Draft documentation:

Why NATS?

NATS is a lightweight, highly performant "message oriented middleware". Similar to other messaging systems, it allows for Producers to create and issue messages (and in this case Cryptofeed becomes the Producer) and for Consumers (e.g. a database, or perhaps a machine learning model) to receive those messages, with the NATS server(s) sitting in the middle.

NATS fits many Cryptofeed use cases

NATS performs well at any scale. It can be up and running on a laptop with just two commands, or it can scale to a multi-cloud Kubernetes deployment. (NATS is a CNCF Incubating project) This versatility makes it a great candidate as a Cryptofeed backend as it can potentially cater for any size of deployment.

Simple de-duplication through Message Headers

Outages and failures can cause gaps in the data. Through the use of customizable Message Headers, the NATS backend can help create an extremely resilient application: configure multiple replicas of Cryptofeed to retrieve the same exchange/pair feeds (perhaps even running each replica in a different datacenter), publish all the messages to the NATS server(s), and NATS JetStream will efficiently deduplicate your data, making sure only one copy of each message is retained for use by the rest of your application.

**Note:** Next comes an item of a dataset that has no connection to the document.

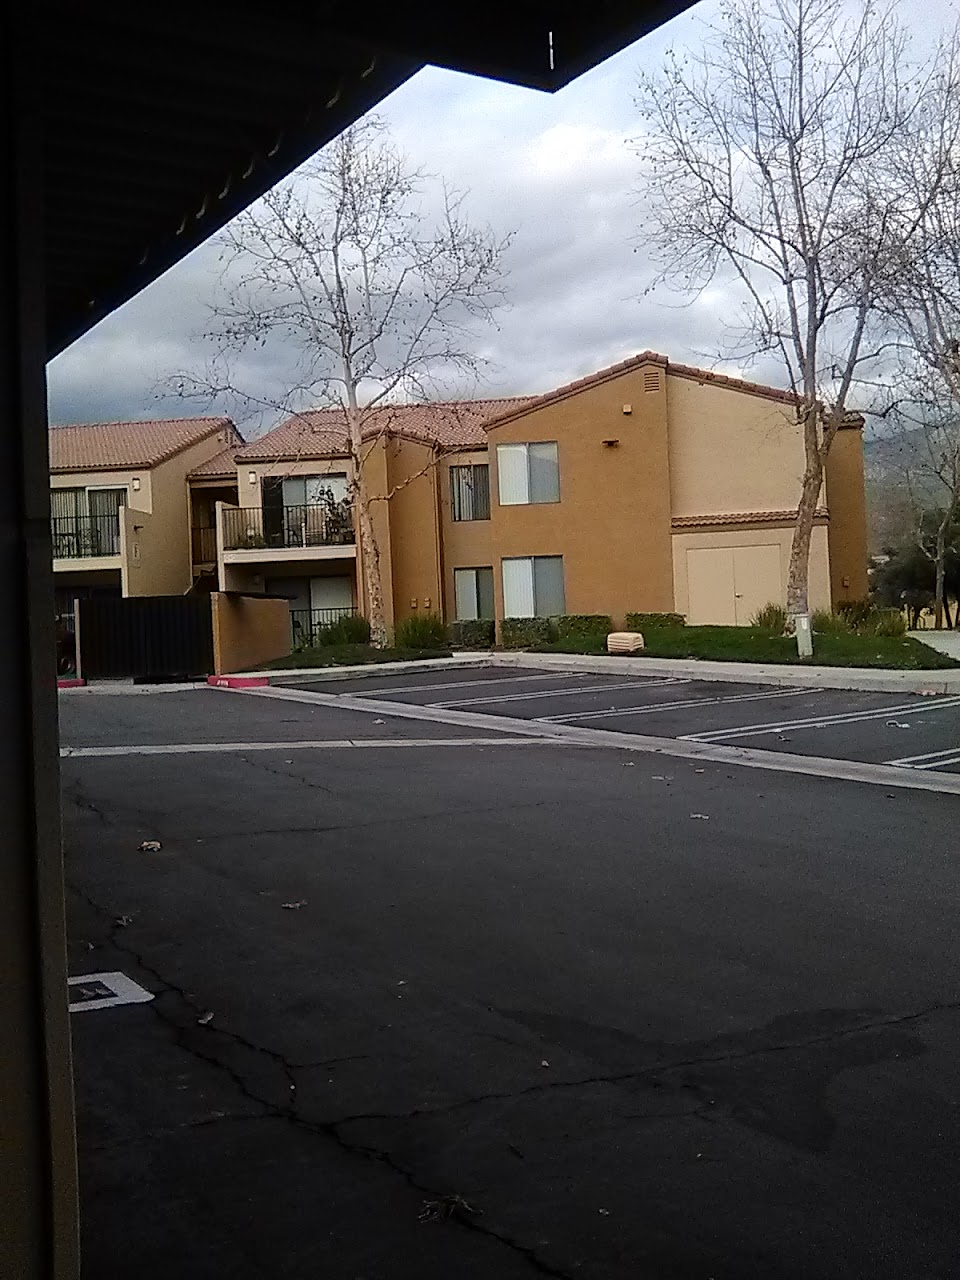 Photo of VINTAGE AT KENDALL. Affordable housing located at 1095 KENDALL DR SAN BERNARDINO, CA 92407

Even if your application is running locally, having NATS in between replicated Cryptofeeds and your database can easily help you avoid costly UNIQUE checks in the database, or from having multiple database connections trying to feed the same data at the same time (which is considered an anti-pattern).

Replay the data feeds

NATS JetStream has another powerful feature which allows a subset of messages (e.g. all Binance Trades in December) to be replayed either in real-time or as fast as a Consumer can process them. This kind of functionality can greatly help quant traders to backtest a new strategy, for example.

JetStream is optionally (and easily) implemented on the NATS server and so it adds no complexity or dependencies to the Cryptofeed NATS Producer.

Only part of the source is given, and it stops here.